Once upon a time, when people wanted to compare the standard deviations of two samples, they had two handy tests available, the F-test and Levene's test.
Statistical lore has it that the F-test is so named because it so frequently fails you.1 Although the F-test is suitable for data that are normally distributed, its sensitivity to departures from normality limits when and where it can be used.

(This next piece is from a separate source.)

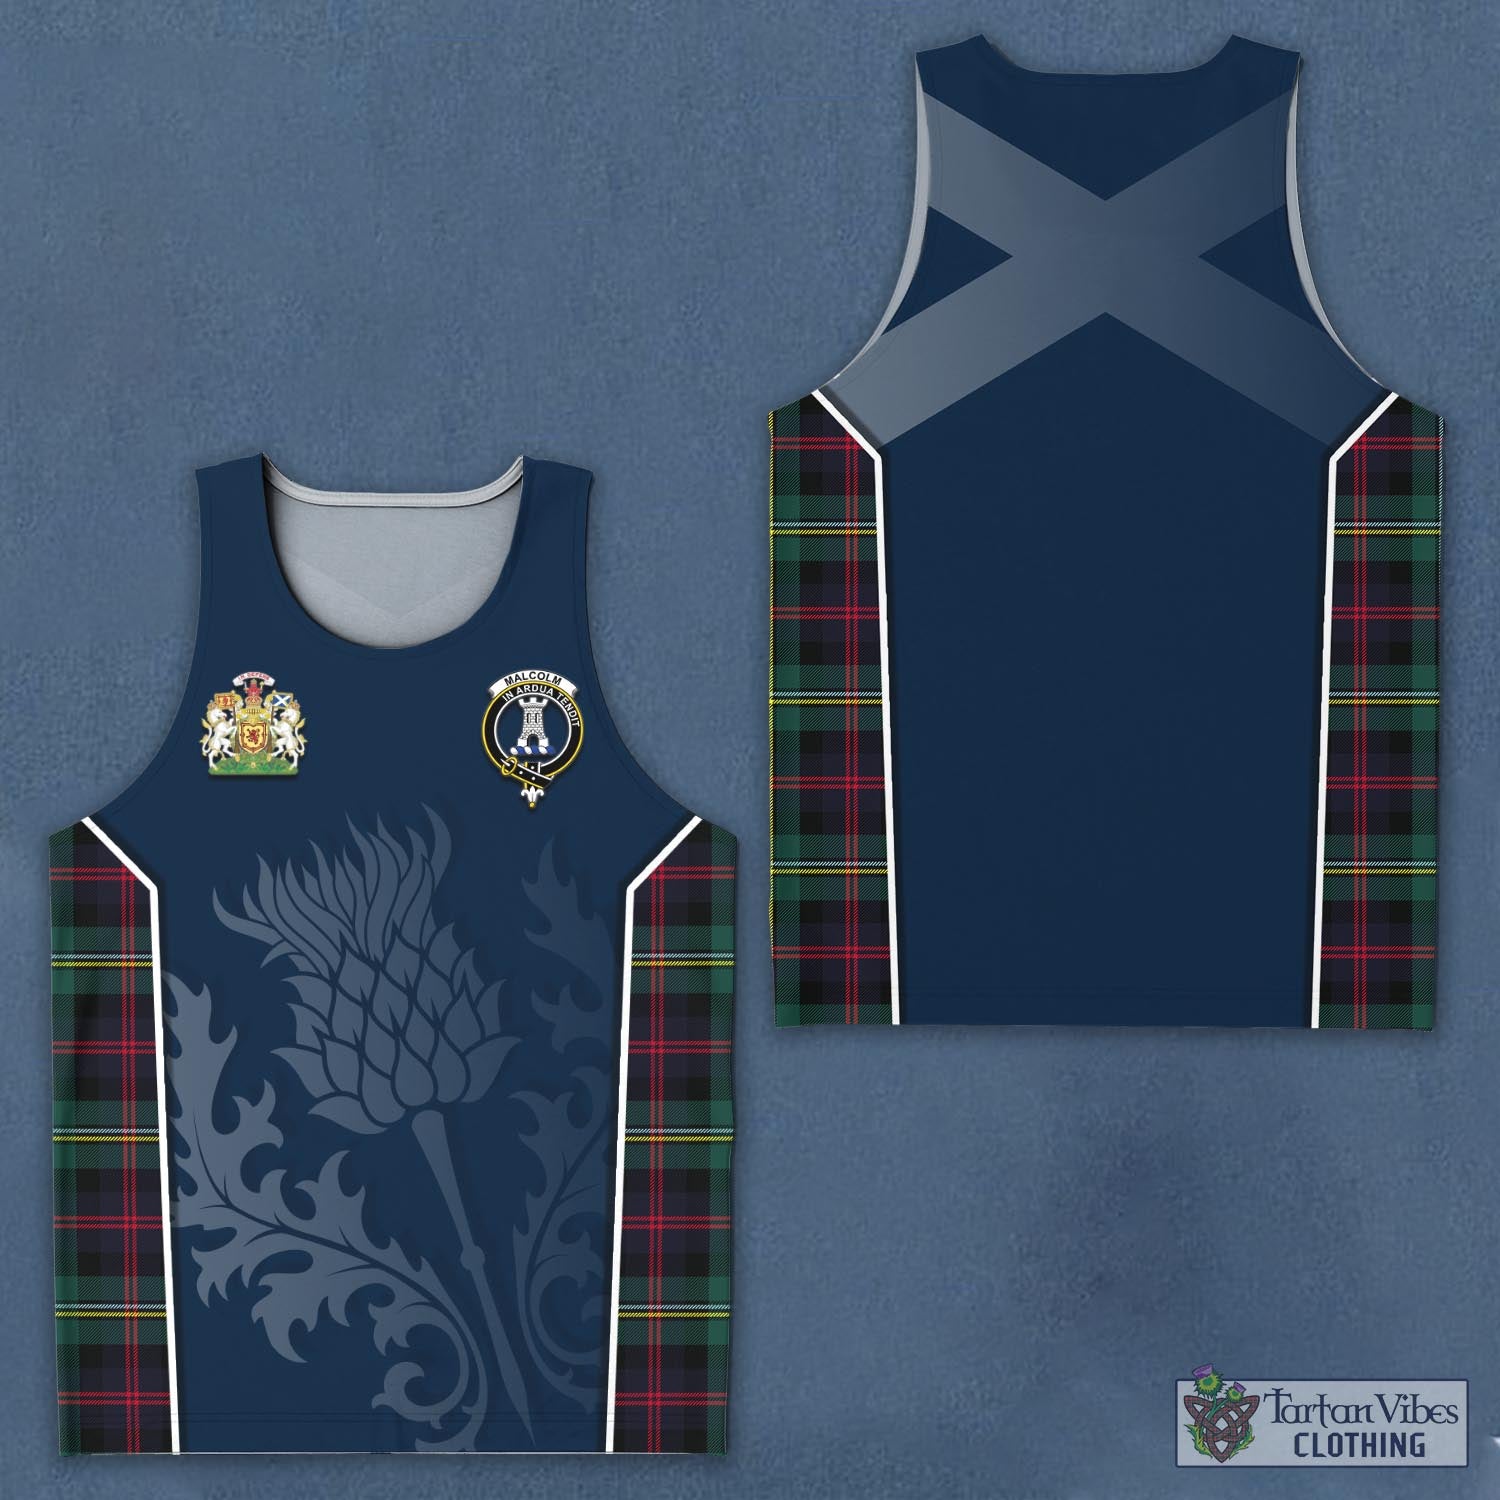 Tartan Vibes Clothing Malcolm Modern Tartan Men's Tanks Top with Family Crest and Scottish Thistle Vibes Sport Style

Levene’s test was developed as an antidote to the F-test's extreme sensitivity to nonnormality. However, Levene's test is sometimes accompanied by a troubling side effect: paradoxical dissociations. To see what I mean, take a look at these results from an actual test of 2 standard deviations that I actually ran using actual data that I actually made up:
Nothing surprising so far. The ratio of the standard deviations from samples 1 and 2 (s1/s2) is 1.414 / 1.575 = 0.898. This ratio is our best "point estimate" for the ratio of the standard deviations from populations 1 and 2 (Ps1/Ps2).
Note that the ratio is less than 1, which suggests that Ps2 is greater than Ps1.
Now, let's have a look at the confidence interval (CI) for the population ratio. The CI gives us a range of likely values for the ratio of Ps1/Ps2. The CI below labeled "Continuous" is the one calculated using Levene's method:
What in Gauss' name is going on here?!? The range of likely values for Ps1/Ps2—1.046 to 1.566—doesn't include the point estimate of 0.898?!? In fact, the CI suggests that Ps1/Ps2 is greater than 1. Which suggests that Ps1 is actually greater than Ps2.
But the point estimate suggests the exact opposite! Which suggests that something odd is going on here. Or that I might be losing my mind (which wouldn't be that odd). Or both.
As it turns out, the very elements that make Levene's test robust to departures from normality also leave the test susceptible to paradoxical dissociations like this one. You see, Levene's test isn't actually based on the standard deviation. Instead, the test is based on a statistic called the mean absolute deviation from the median, or MADM. The MADM is much less affected by nonnormality and outliers than is the standard deviation. And even though the MADM and the standard deviation of a sample can be very different, the ratio of MADM1/MADM2 is nevertheless a good approximation for the ratio of Ps1/Ps2.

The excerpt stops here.